Knowledge and understanding: The course aims to give the knowledge and basic and advanced skills to the analysis of large amounts of data.
Applying knowledge and understanding: the student will acquire knowledge about the models and algorithms for analyzing data such as: mining high support, recommendation systems, search for similarities high dimension, map-reduce and spark, complex networks analysis, text mining and the document tagging systems.
Making judgments: Through concrete examples and case studies, the student will be able to independently develop solutions to specific problems related to big data.

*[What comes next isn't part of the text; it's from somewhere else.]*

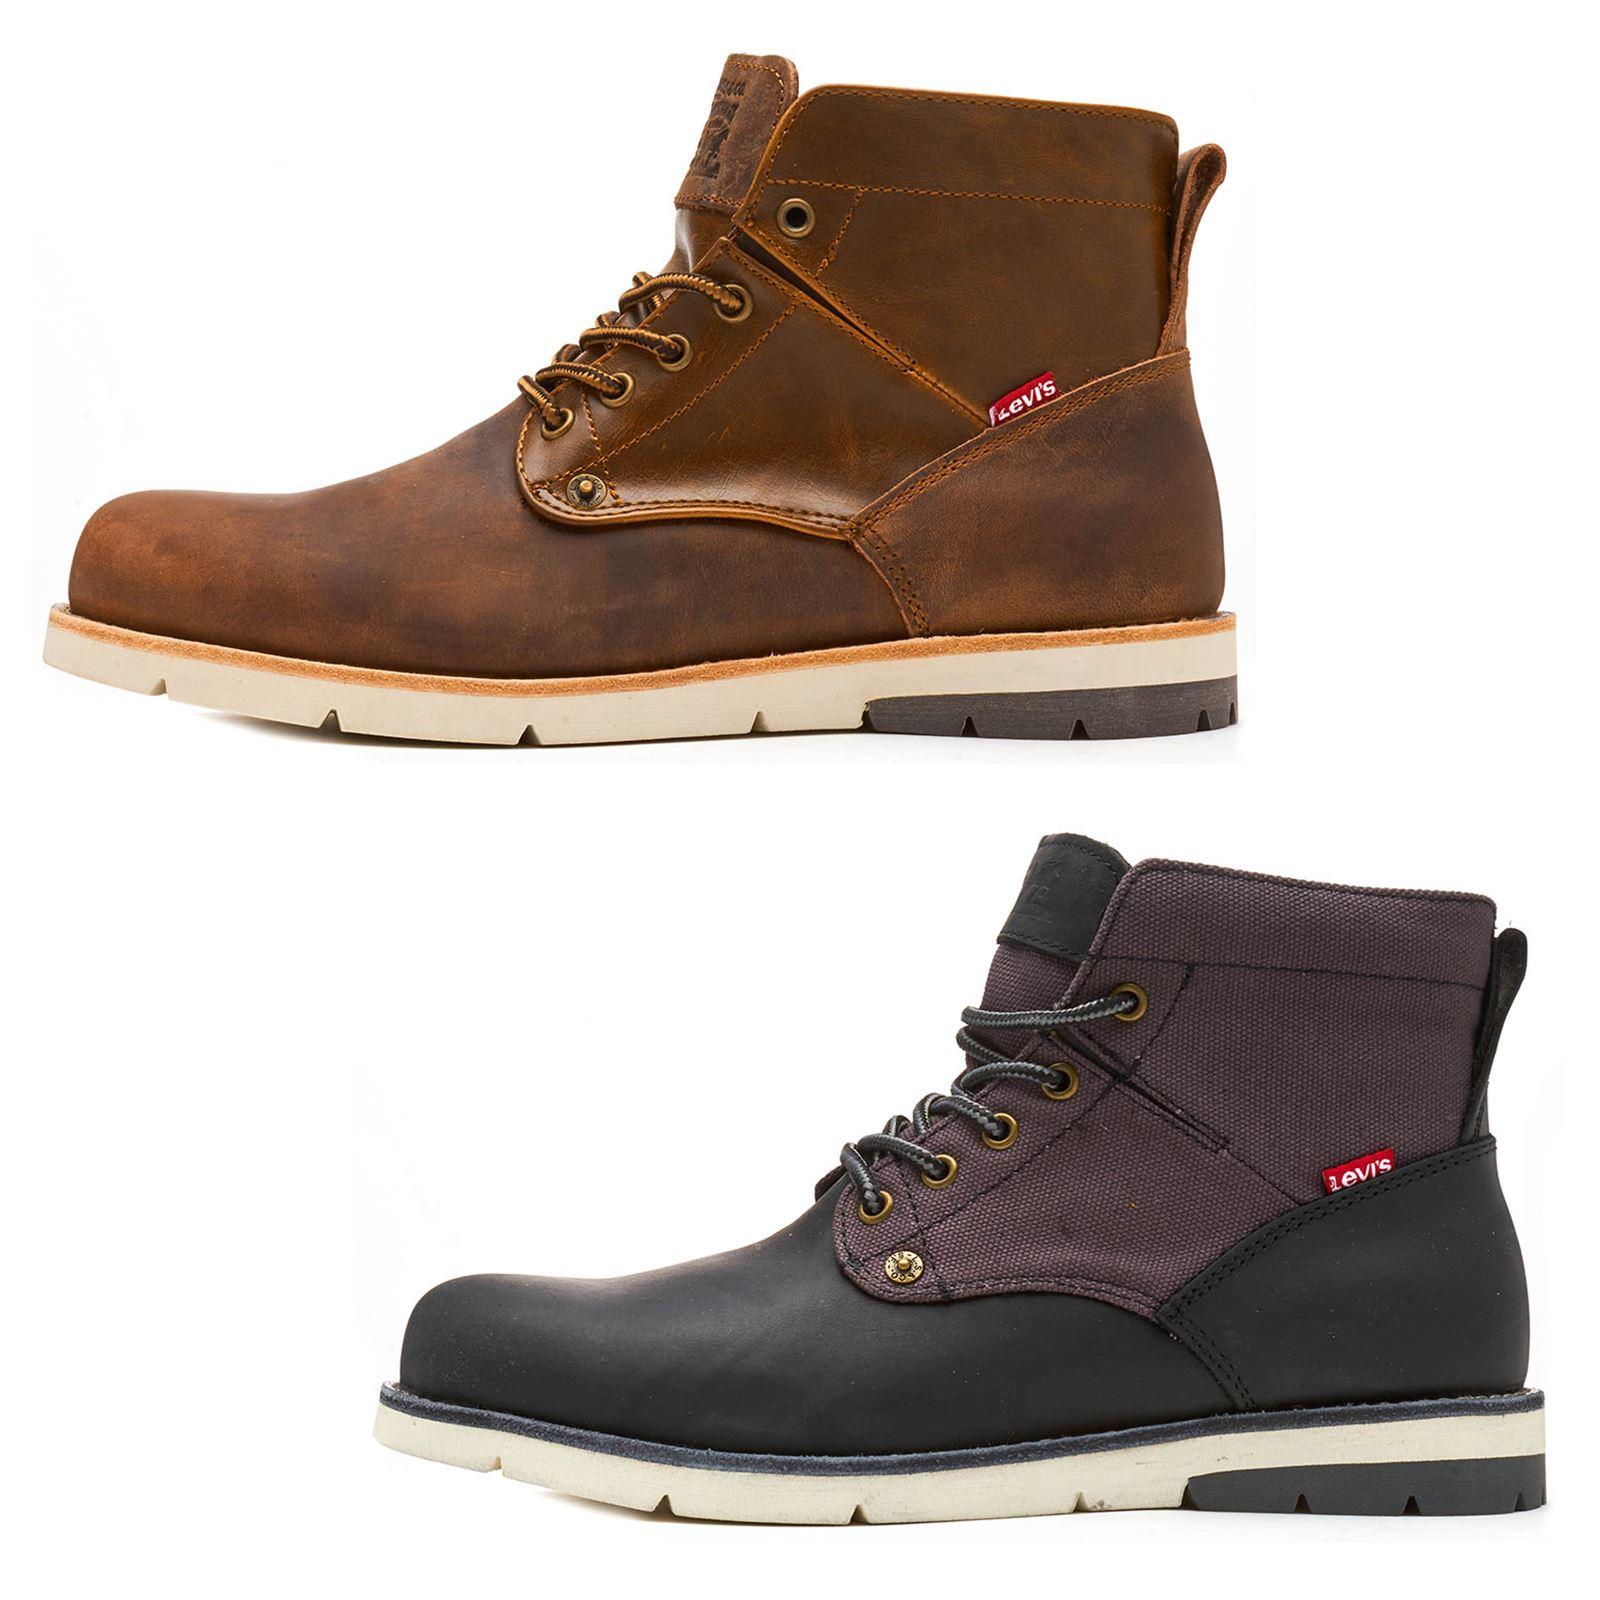 4c989369df4 In Leather Boots Ankle Jax Brown Regular Tab Dark Red Levis Black amp   5pZwYRqR

Communication skills: the student will acquire the necessary communication skills and expressive appropriateness in the use of technical language in the general area of big data.
Learning skills: The course aims to provide students with the necessary theoretical and practical methods to deal independently and solve new problems that may arise during a work activity. For this purpose, different topics will be covered in class by involving students in the search for possible solutions to real problems, using benchmarks available in the literature.
Course Structure
Lectures and laboratory.
Should teaching be carried out in mixed mode or remotely, it may be necessary to introduce changes with respect to previous statements, in line with the programme planned and outlined in the syllabus.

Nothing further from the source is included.